El ejército cartaginés de las guerras Púnicas se basaba en el ejército de Alejandro Magno, pero casi un siglo después de Alejandro. La falange macedonia que un siglo antes había revolucionado el arte de la guerra seguía estando en uso en todo el mundo helenístico y también en Cartago.

Roma, sin embargo, no había utilizado nunca tal sistema de combate. Roma había apostado por una unidad táctica llamada legión. Una unidad extraordinariamente flexible, nacida de la necesidad romana de obtener victorias indiscutibles frente a sus numerosos enemigos.

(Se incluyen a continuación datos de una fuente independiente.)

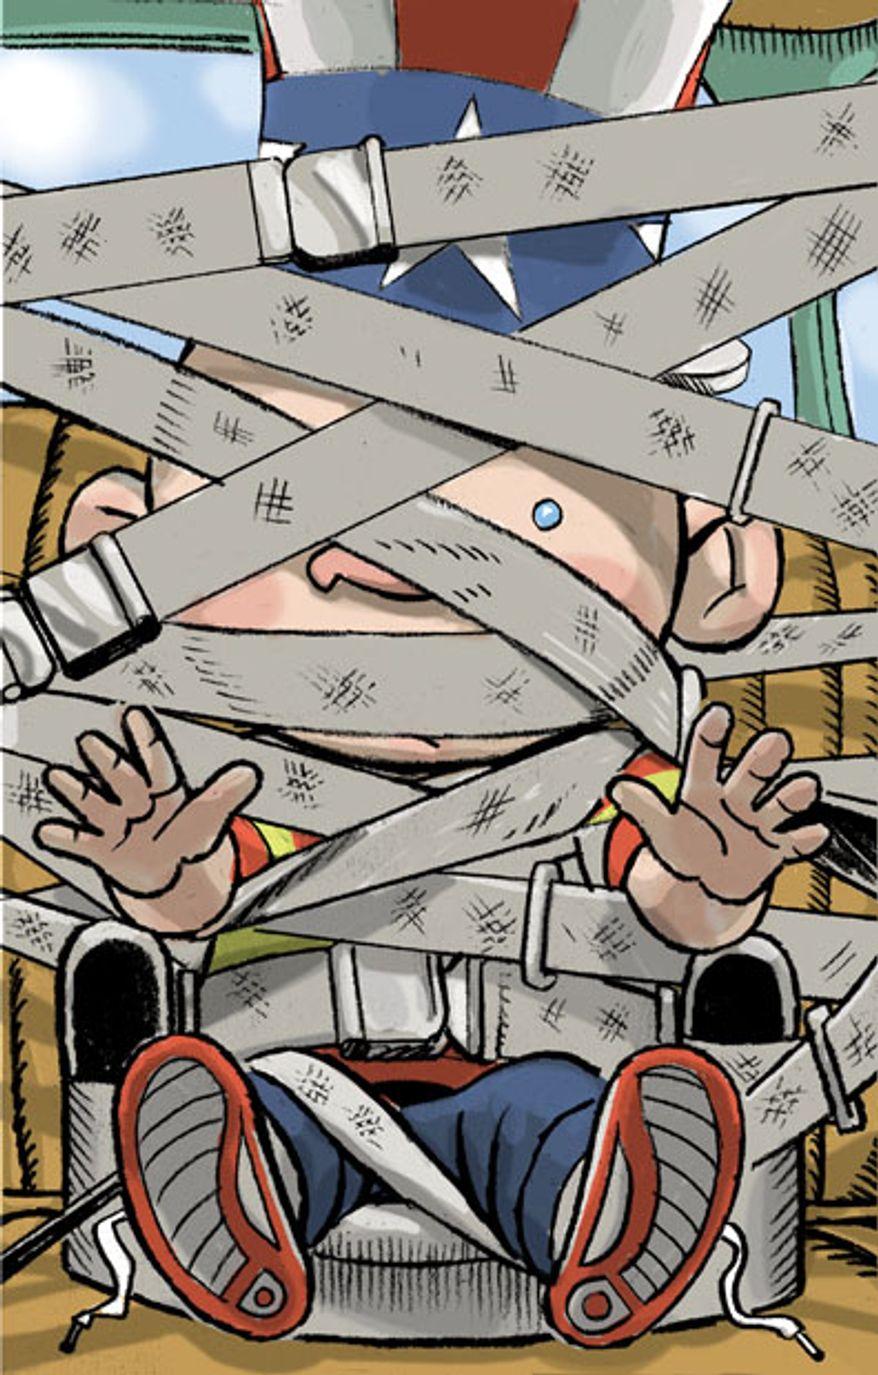 Illustration: Regulations by Alexander Hunter for The Washington Times
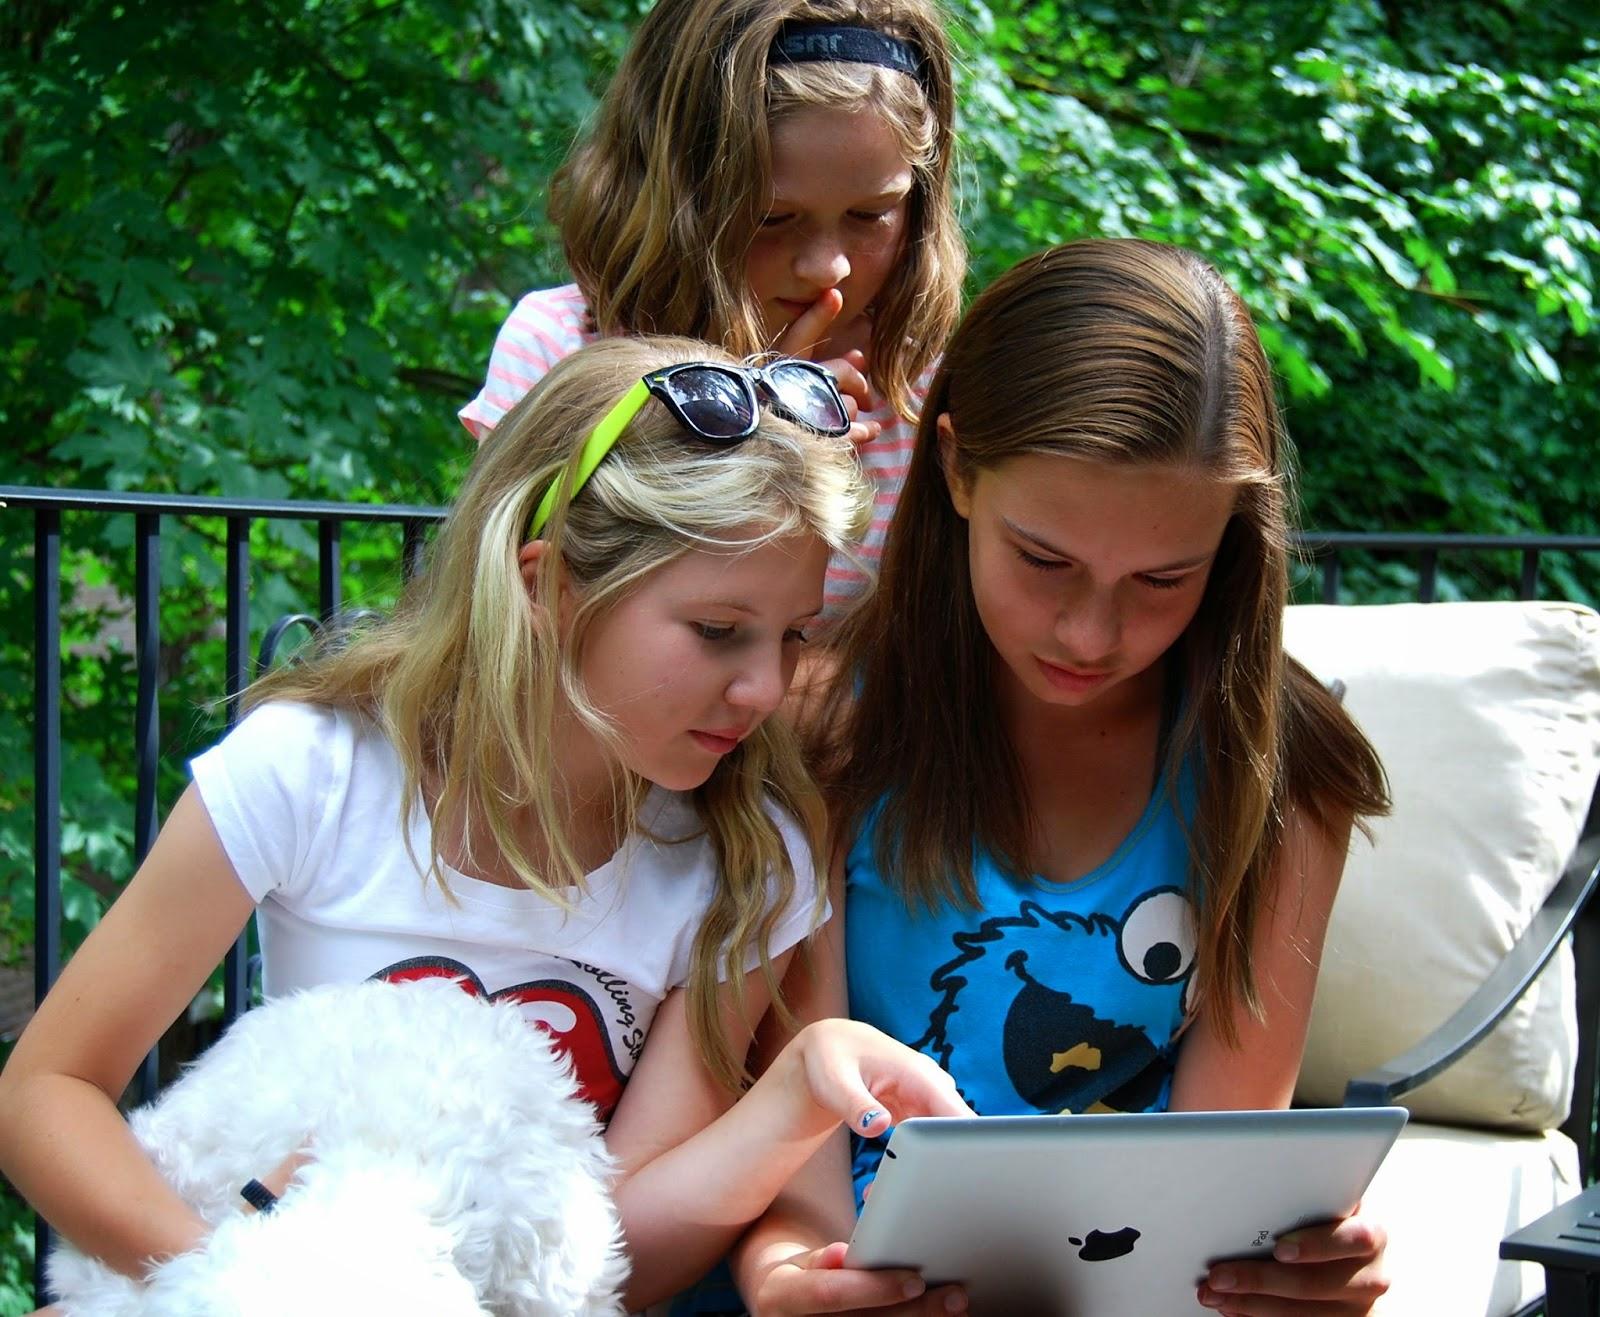 meet teenage girls online

Los romanos llevaban en guerra casi continua siglos y eso no sólo había endurecido extraordinariamente su carácter como nación, sino que les había permitido llegar a una organización militar que, aunque desconocida en el "mundo civilizado", era enormemente superior a la falange macedonia

Cada legión estaba dividida en 60 centurias de 80 hombres cada una. Cada dos centurias formaban un manípulo, con lo que una legión estaba formada por 30 manípulos de 160 legionarios cada uno. Esto, más las tropas ligeras y 300 soldados de caballería divididos en 10 turmae de 30 jinetes cada una nos dan la cifra de unos 5.500 hombres por cada legión. El número de legiones alistadas variaba según la necesidad y además, las ciudades italianas tenían la obligación de aportar por cada legión romana un contingente de tropas similar. En Roma gobernaban cada año dos cónsules que podían alistar normalmente cada uno dos legiones más dos contingentes aliados, con lo que un ejército romano "normal" constaba de unos 22.000 hombres. La mitad de ellos romanos, la otra mitad de las ciudades "aliadas" italianas que más bien eran ciudades sometidas a Roma manu militari.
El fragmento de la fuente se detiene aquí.